Healy began as a mining and hunting camp in about 1904, during the same period when gold prospectors made strikes at Kantishna, 70 miles to the southwest; and Bonnifield, 40 miles to the northeast. Prospectors used to ascend into the mountains east of the Nenana River via a trail up Healy Creek, a tributary of the Nenana located across the river from the present townsite.
According to William Brown’s book, Historic Resource Study of Denali National Park and Preserve, a roadhouse and store were established on the bluff across from Healy Creek, and commercial hunters also used the site as a base of operations. This early camp was sometimes called Dry Creek and sometimes Healy Fork.
Outcroppings of coal are common in the area. The Alaska Department of Natural Resources reports that geologists in the early 1900s estimated the area contained about 10 billion tons of coal reserve. Of course, there was no way to get that coal to market, and early residents only mined the easily accessible seams for local use.
Construction of the Alaska Railroad changed all that. The railroad follows the Nenana River from Broad Pass to the Tanana River, and the Alaska Engineering Commission (AEC – tasked with building the railroad) built a construction camp at Healy Forks. By the end of the 1910s the AEC had built a hotel to house train crews and railroad employees, dormitory, mess hall, hospital, warehouse, blacksmith shop, and other facilities.

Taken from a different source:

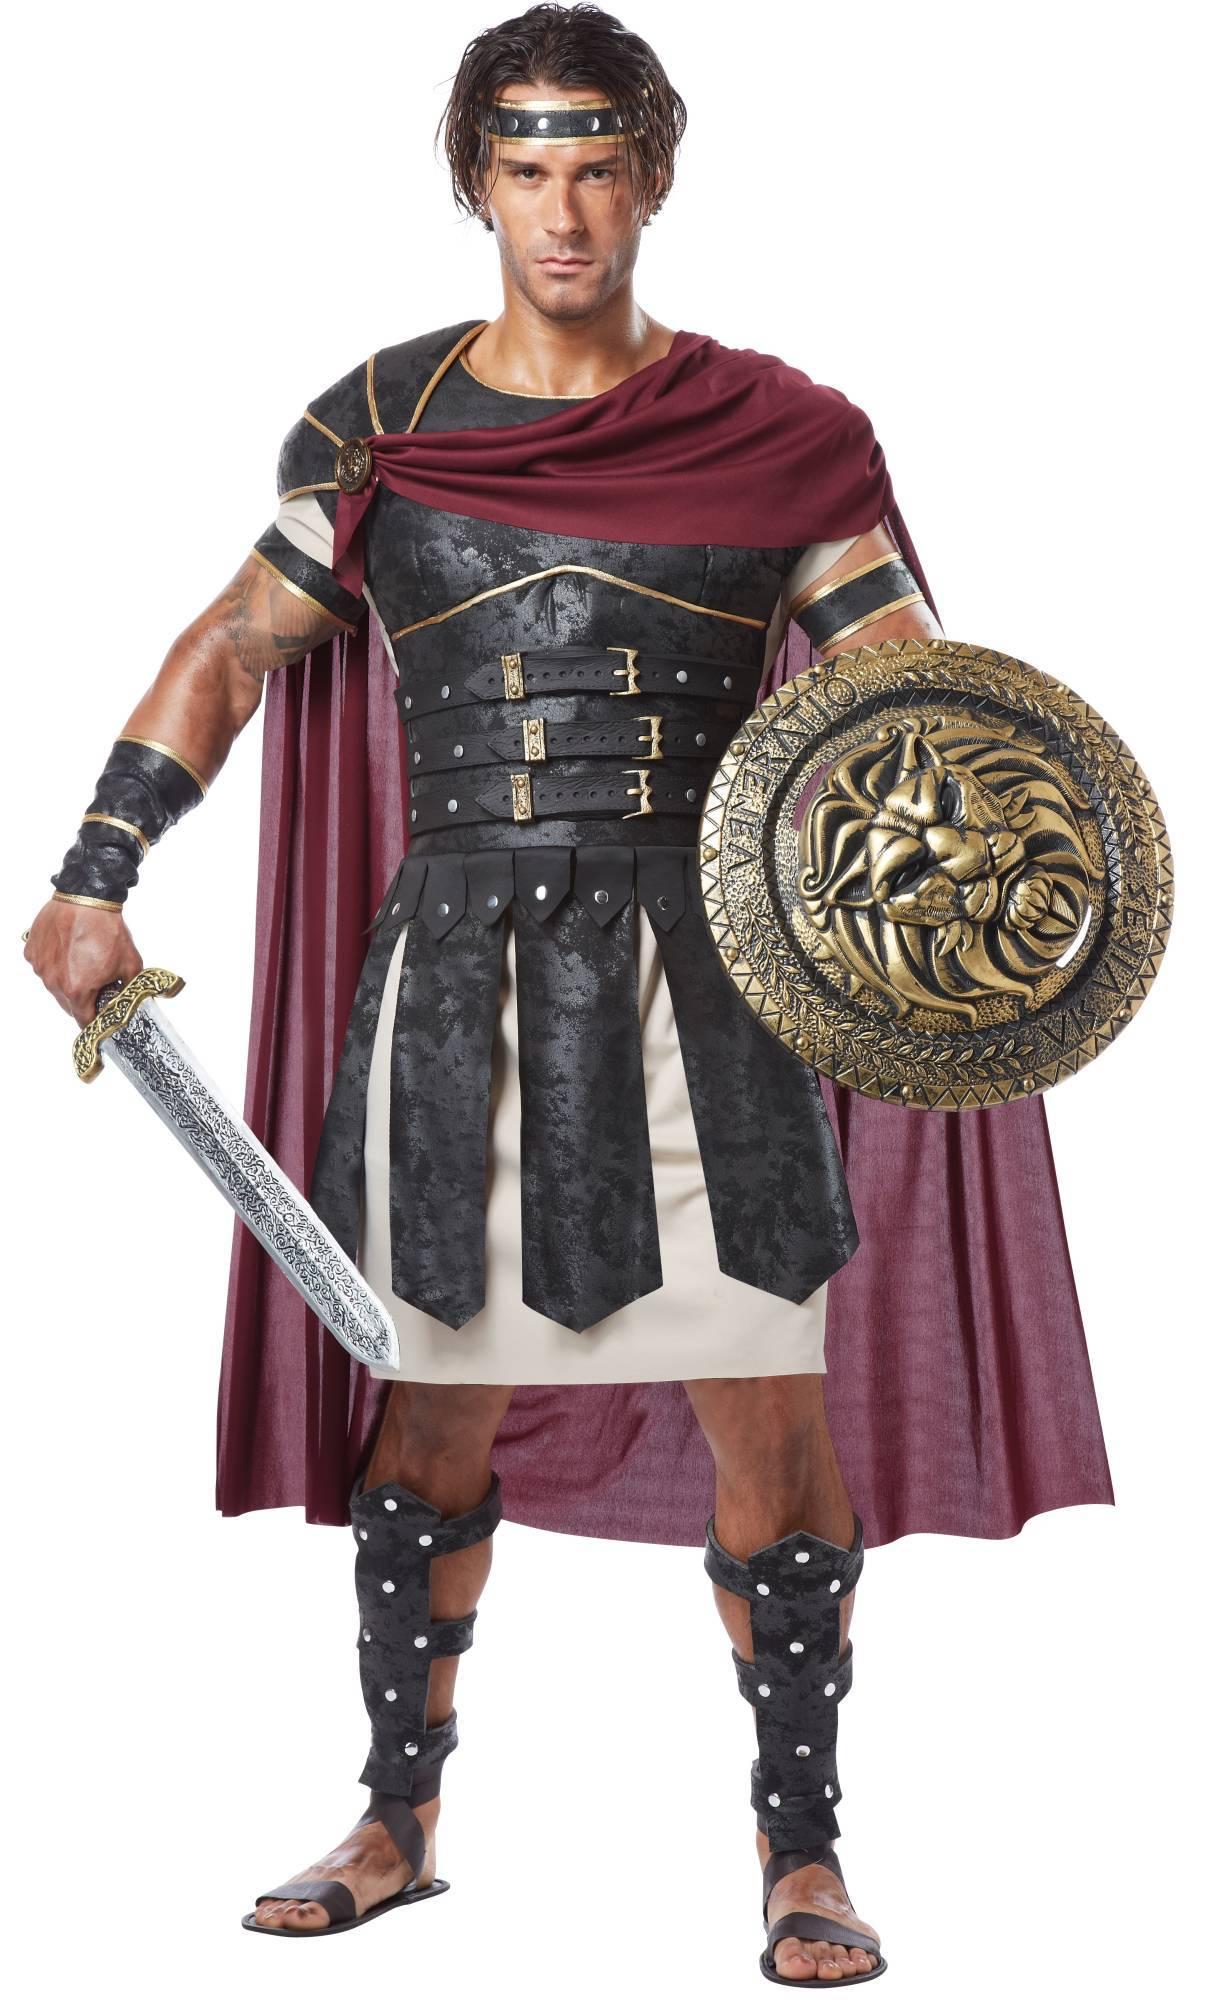 Costume-Centurion-Gladiateur
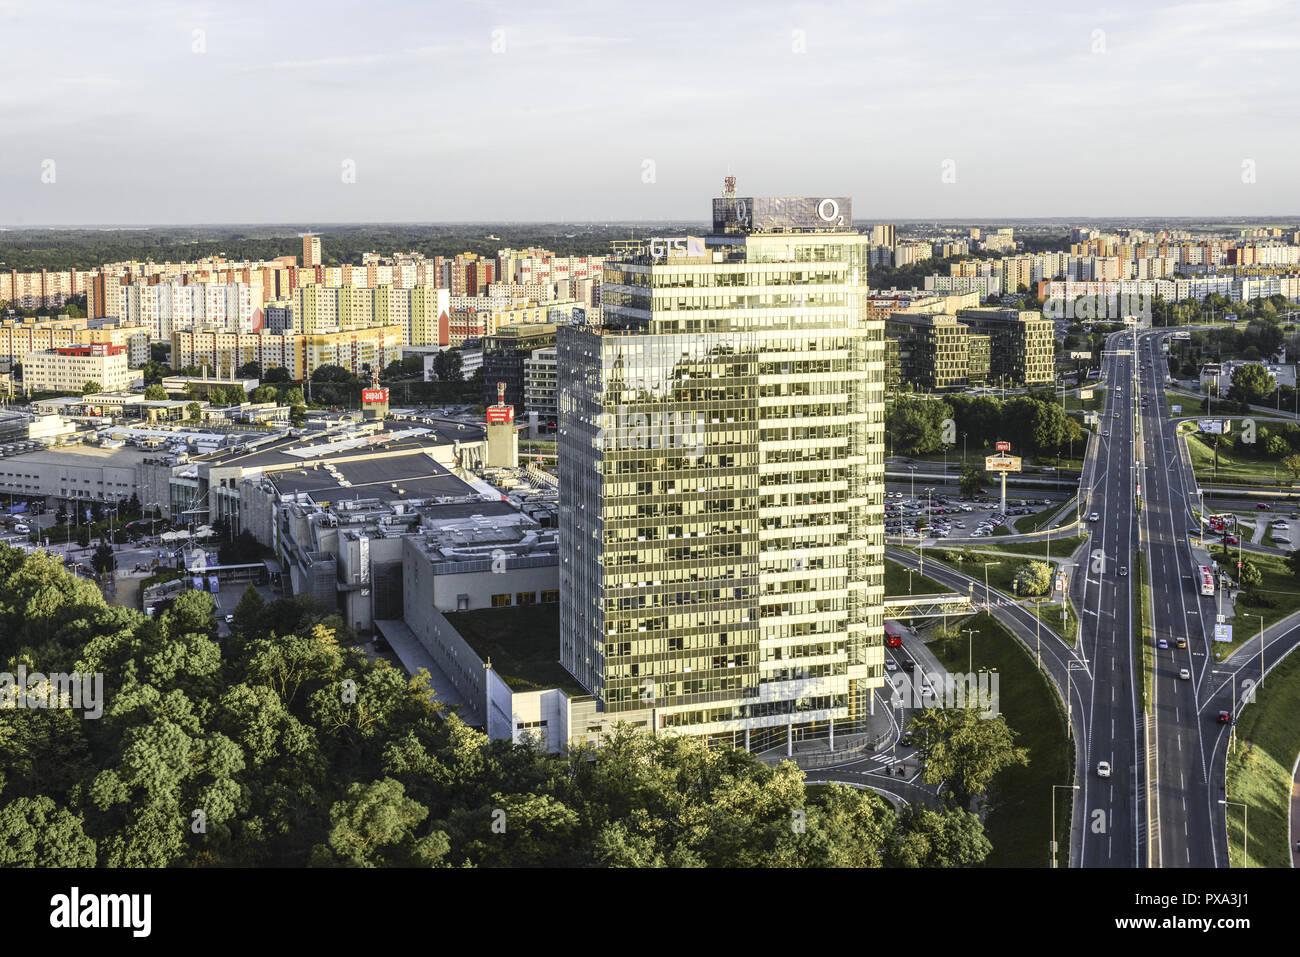 Bratislava, Petrzalka, Aupark, Slovak Republic, Pressburg Stock Photo

The Railroad also spurred development of coal mines in the area. Beginning in 1918, several small coal mines were opened along the Nenana River, along Lignite Creek just to the North of Healy, and at Suntrana Creek, about 2.5 miles up Healy Creek. These coal mines found ready customers in Fairbanks, where wood cutting had denuded the hills for miles around the city, and the newly-organized Fairbanks Exploration Company needed inexpensive and dependable power for its fleet of gold dredges.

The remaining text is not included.